To my complete surprise I have found myself obliged to design a cryptographic algorithm. Not a cipher, heaven forfend, but a feedback mode and envelope scheme. The idea is that when sending UDP-grams, without decent crypto anybody can disrupt your session from any cyber-cafe from here to Kamchatka. If you're encrypting anyway, it's wasteful to *also* compute a MAC, when you can use a chaining encryption mode to do both jobs at once at the cost of only an extra XOR.

By blacklisting ethernet, wireless, and audio driver modules, and also all the programs that hold them open (xmms, gamix, etc.), I got swsuspend2 waking my Dell D620 laptop up without bollixing audio and wireless networking. I also got the Dell driving a Pioneer plasma TV, but so far not without it cutting off half the image. Still no success with the Broadcom wireless card (which Dell calls a 1390), despite all lwfinger's efforts, but my orinoco card works OK now.

Last weekend I made a real egg nog for the first time: separate four eggs, whip the yolks to within an inch of their lives, add a half cup each of brandy and cream and four tbsp sugar, and whip some more. Whip the whites until stiff, and fold them in, and add some cinnamon and nutmeg. It makes a surprising amount of something unlike anything you can find in cartons.

Congratulations to njs & crew on releasing Monotone 0.32.

So, Happy New Year, everybody. Time for another donation to Darren Naish.

12 Dec 2006 (updated 13 Dec 2006 at 22:35 UTC) »

I dist-upgraded my brother's Toshiba laptop to Ubuntu Edgy, and now it can't find open wireless hubs any more. In particular, the waproamd daemon won't even run any more; libc insists it's passing the wrong number of arguments to some apparently undocumented system call. The web (but not the package system!) is plastered with warnings that waproamd is obsolete and buggy. However, waproamd always worked perfectly for my brother, where wpa_supplicant doesn't (yet?). Furthermore, iftab no longer works reliably across ACPI suspensions to give the wireless interface a stable name. This upgrade was a decided downgrade, for him; his computer is entirely unusable until I can get anonymous wireless networking going again. On the good side, the PCMCIA slot works now, as does DMA on the DVD drive.

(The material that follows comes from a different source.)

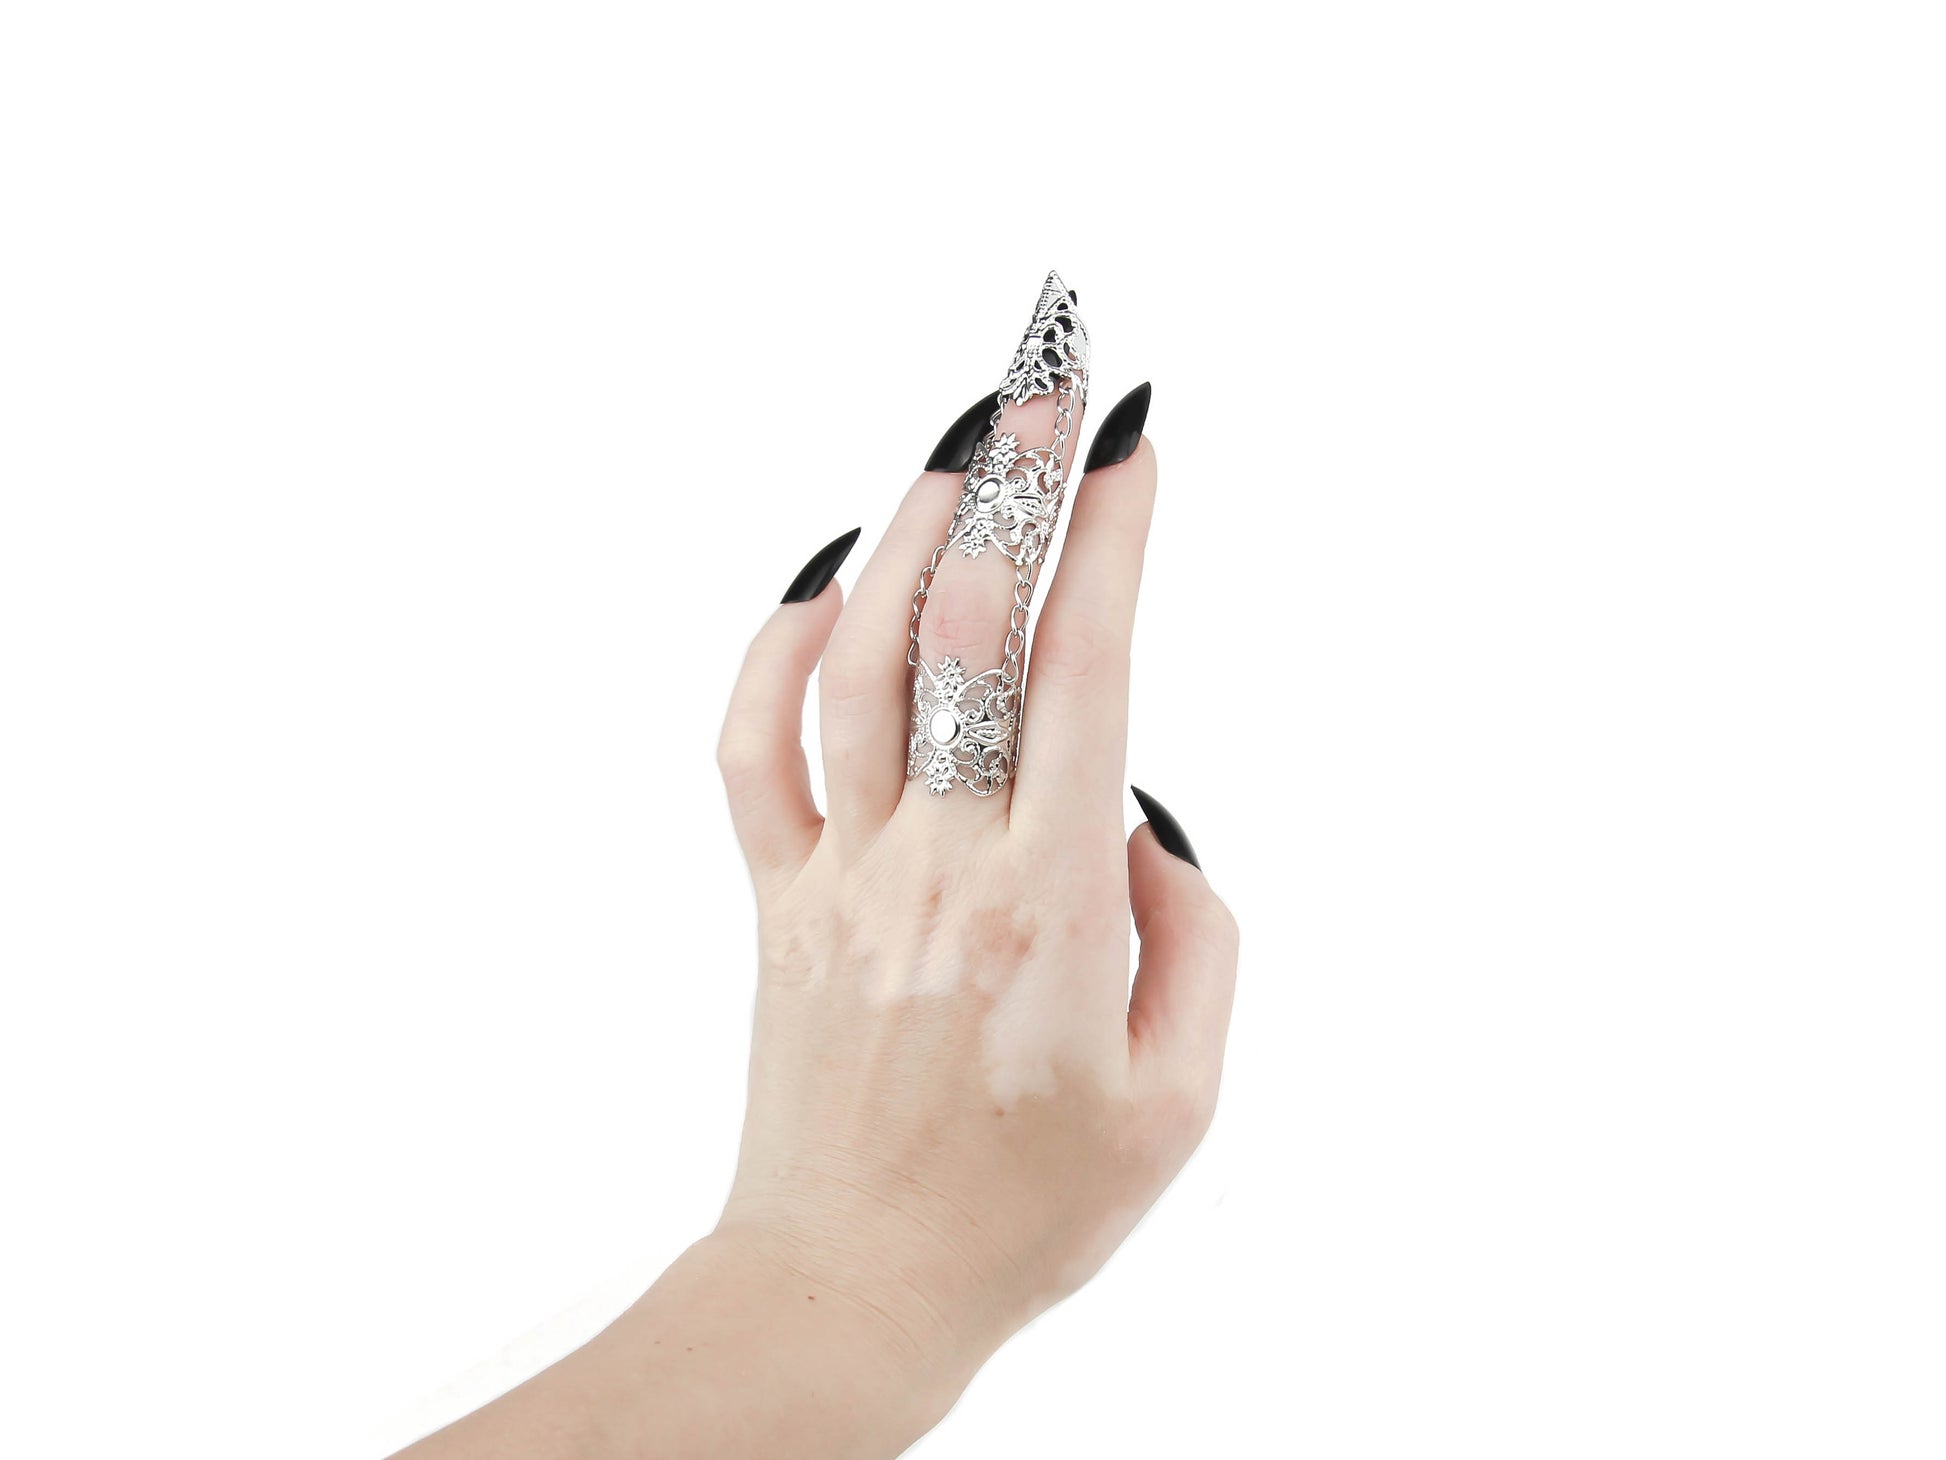 A hand adorned with Myril Jewels' full finger silver claw ring, a dark and intricate piece perfect for a neo-gothic look. This bold jewelry aligns with witchcore and gothic-chic trends, making it an ideal choice for Halloween, a rave party accessory, or a unique goth girlfriend gift
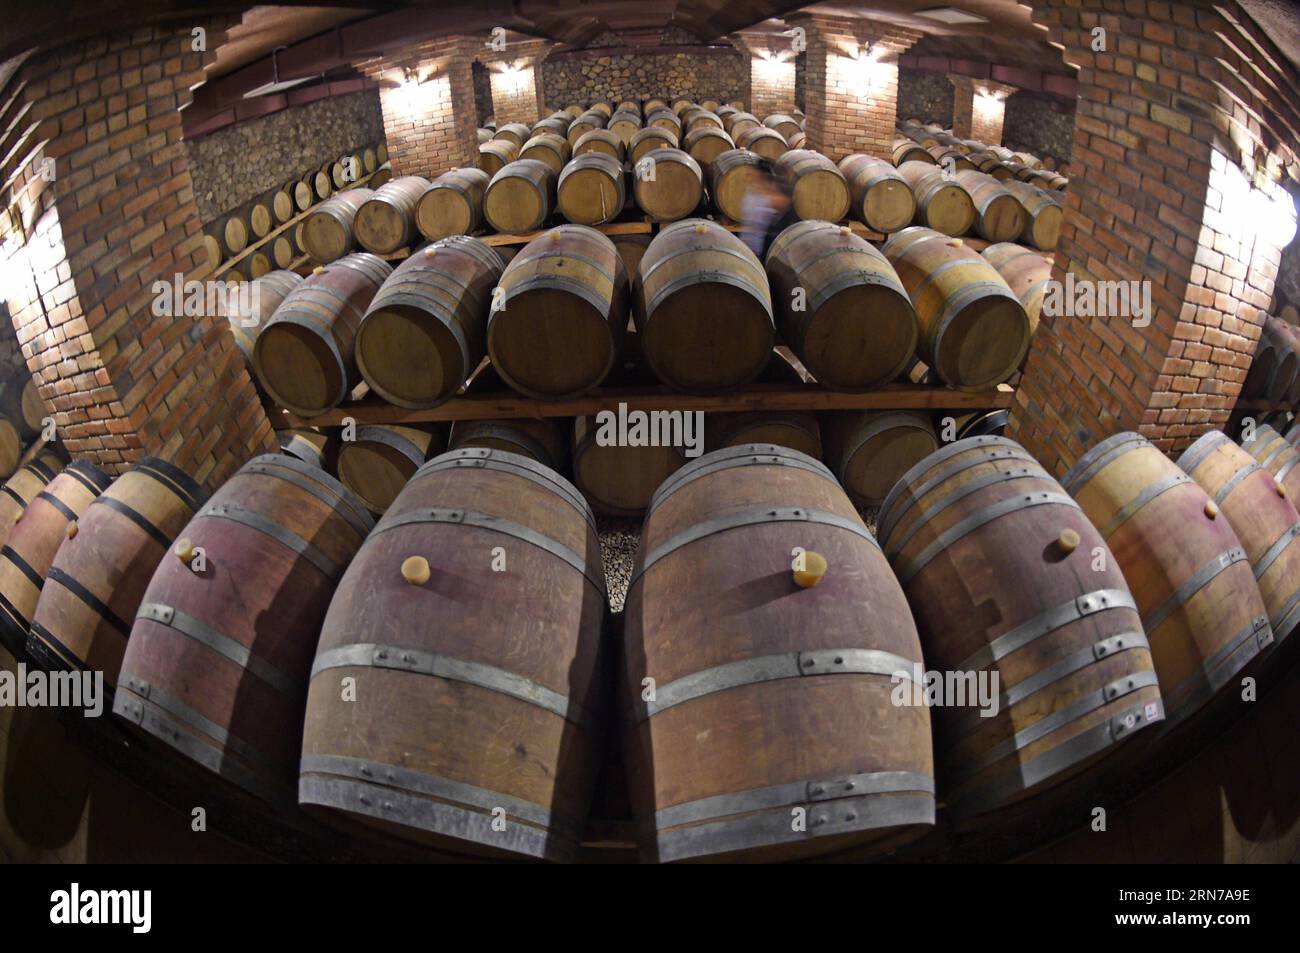 Photo taken on Aug. 28, 2015 shows a wine cellar of a chateau at the eastern foot of Helan Mountain, northwest China s Ningxia Hui Autonomous Region. Many chateaus at the eastern foot of Helan Mountain, a golden belt for planting grapes, developed their tourism by attracting tourists with chateau cultures. Ningxia region, which has 590,000 mu (39,333 hectares) of vineyards, has planned to build 10 vineyard towns and more than 100 large-scale chateaus by 2020. ) (lfj) CHINA-NINGXIA-CHATEAU TOURISM (CN) WangxPeng PUBLICATIONxNOTxINxCHN   Photo Taken ON Aug 28 2015 Shows a Wine cellar of a Chatea Stock Photo

I just fixed a problem in my mother-in-law's Firefox 2 on Ubuntu: the bodies of her Yahoo mail messages showed up blank. The NoScript plug-in turned out to be at fault, and the workaround turned out to be clicking the checkbox in its configuration that caused it to display all domain names, not just 2nd-level, allowing them to be turned on and off individually. I didn't actually need to turn any on or off; just displaying them sufficed. That was another downgrade; one wouldn't say 1.5 "worked fine" (*cough* memory leaks! *cough*) but...

Hibernating this Dell Latitude D620 with swsuspend2 seems to work OK except that the "snd_hda_intel" driver for the mixer (variously identified as a SigmaTel STAC9200, Intel ICH7 82801G, and Intel HDA) gets very confused, and ultimately unable to produce audio. I don't know who to tell about it, so here you-all get to hear about it.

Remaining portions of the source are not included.